- _The task_:
Since the pictures are not wanted, retype the listing below exactly and without them.

- _Information supplied_:
-*-*-

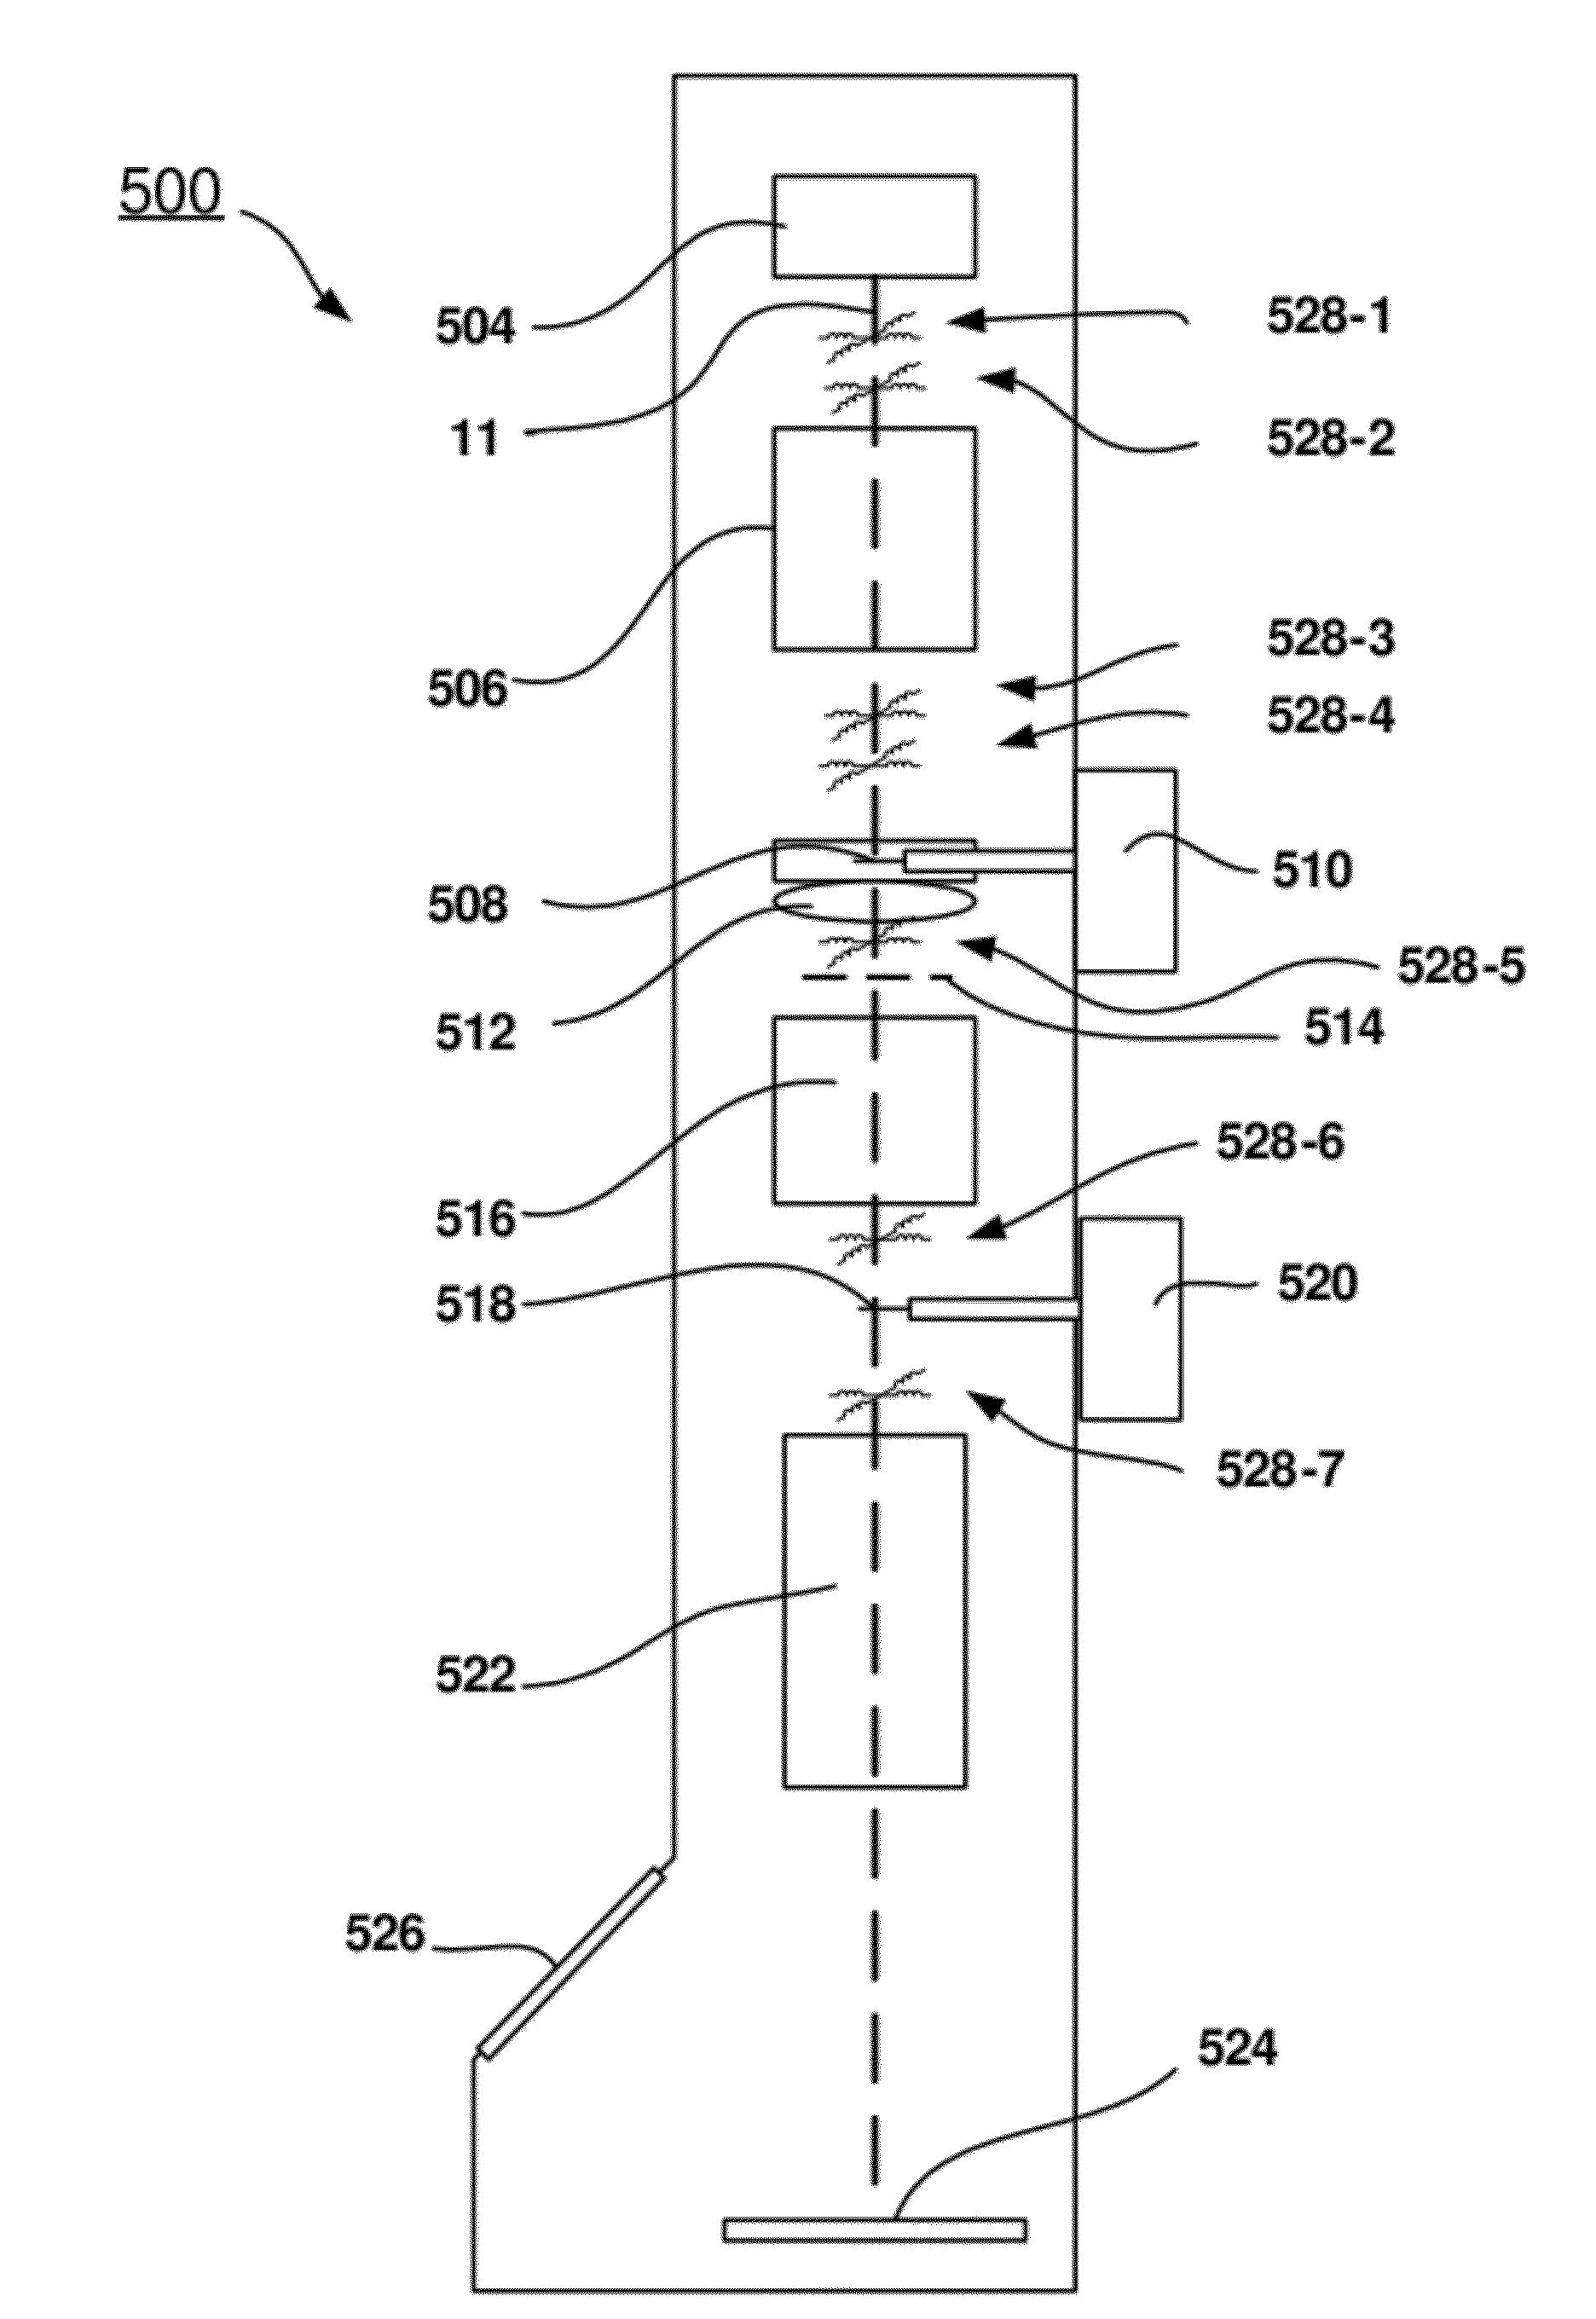 Method for Centering an Optical Element in a TEM Comprising a Contrast Enhancing Element
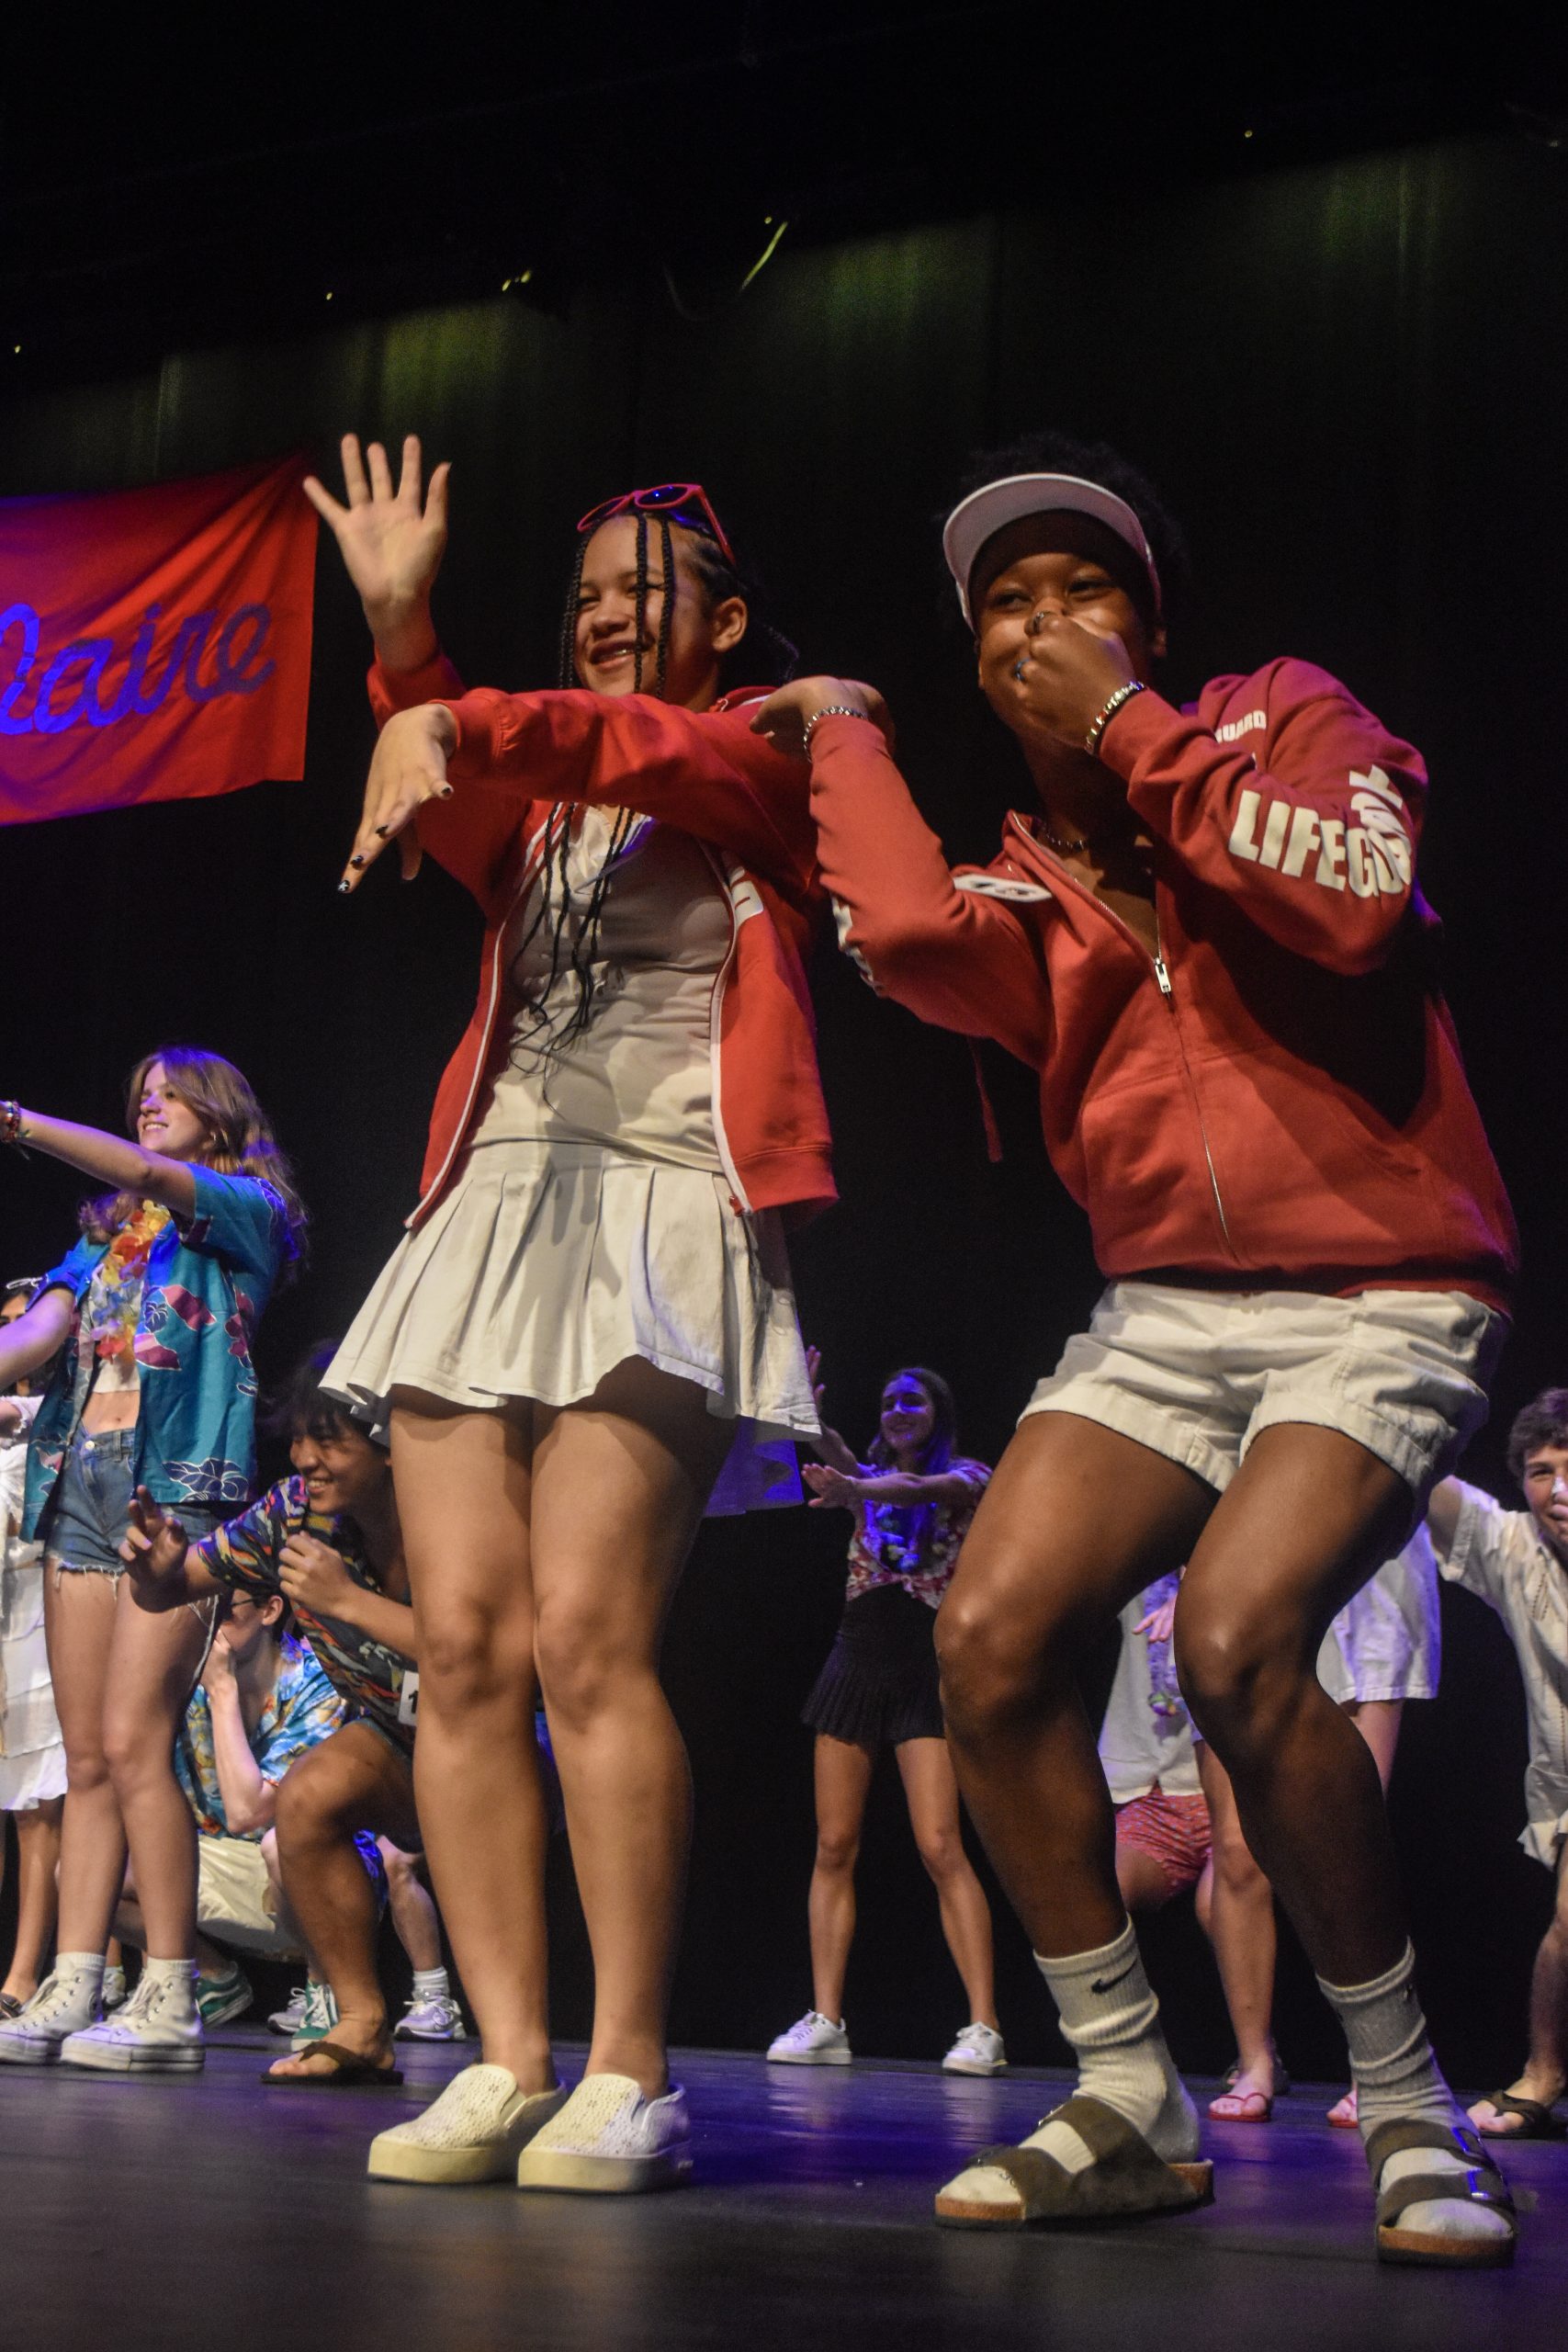 Seniors Zachary Johnson and his escort, Isabel Ajatta, perform a group dance while dressed in beachwear. Johnson was later crowned winner of the 10th annual Mr. Bellaire pageant.
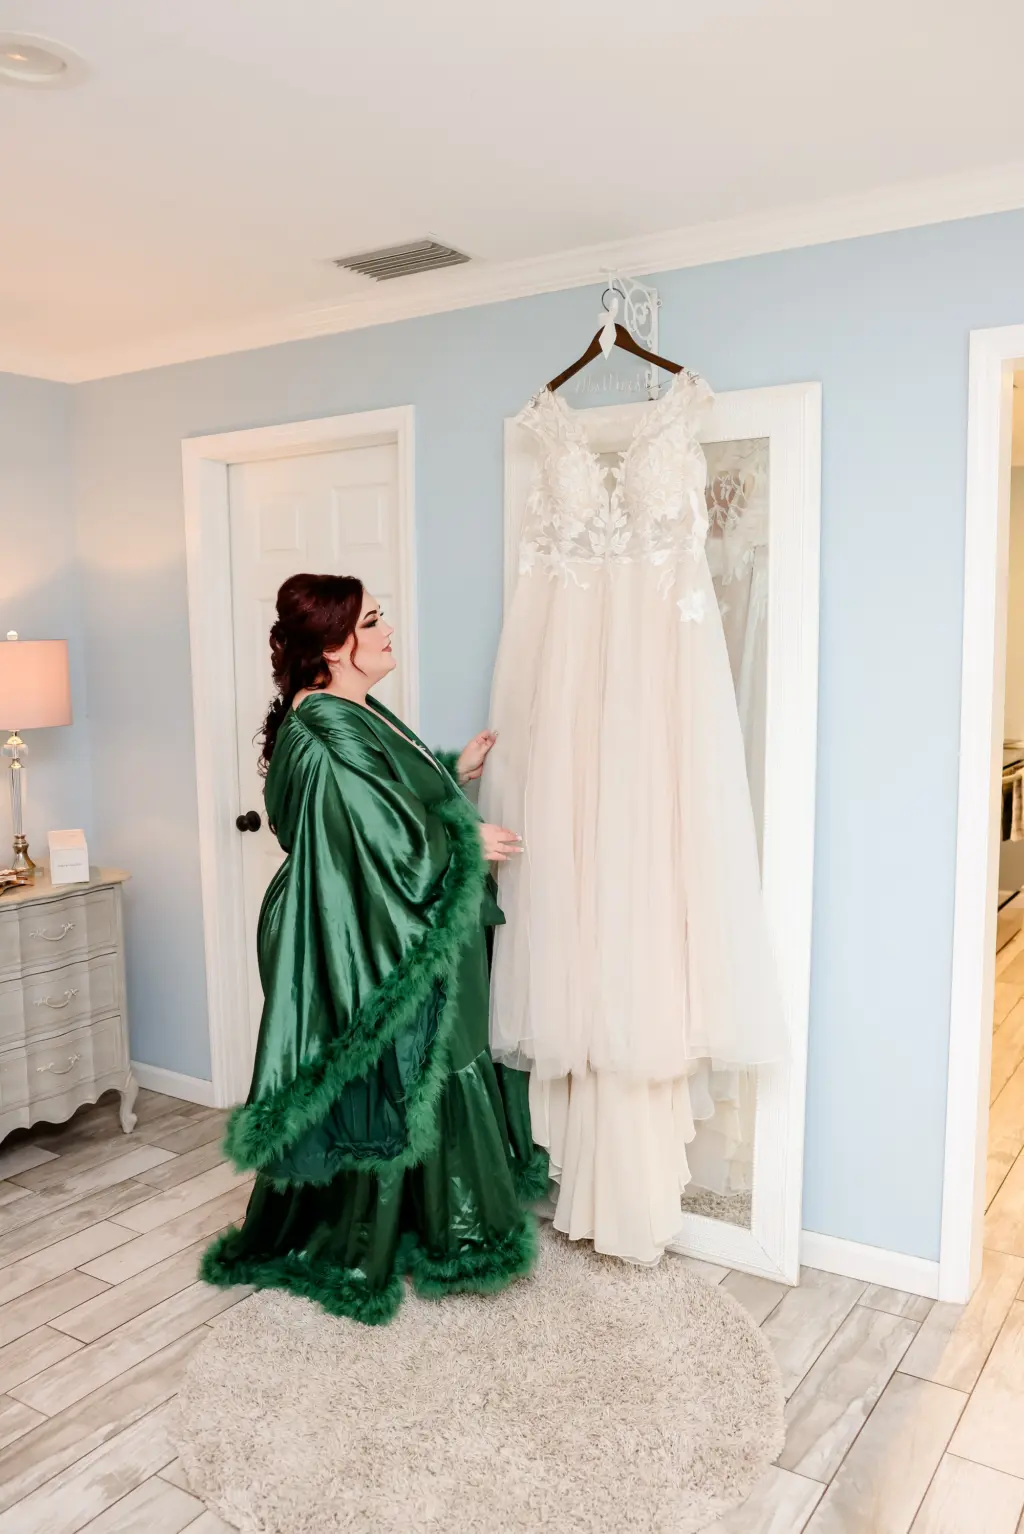 Bride Getting Ready | Nude Sheer Bodice A-line Wedding Dress Ideas | Emerald Green Floor Length Satin and Feather Floor Length Robe | Tampa Bay Hair and Makeup Artist Femme Akoi Beauty Studio

-*-*-

- _Solution to this exercise_:
 Method for Centering an Optical Element in a TEM Comprising a Contrast Enhancing Element
 Seniors Zachary Johnson and his escort, Isabel Ajatta, perform a group dance while dressed in beachwear. Johnson was later crowned winner of the 10th annual Mr. Bellaire pageant.
 Bride Getting Ready | Nude Sheer Bodice A-line Wedding Dress Ideas | Emerald Green Floor Length Satin and Feather Floor Length Robe | Tampa Bay Hair and Makeup Artist Femme Akoi Beauty Studio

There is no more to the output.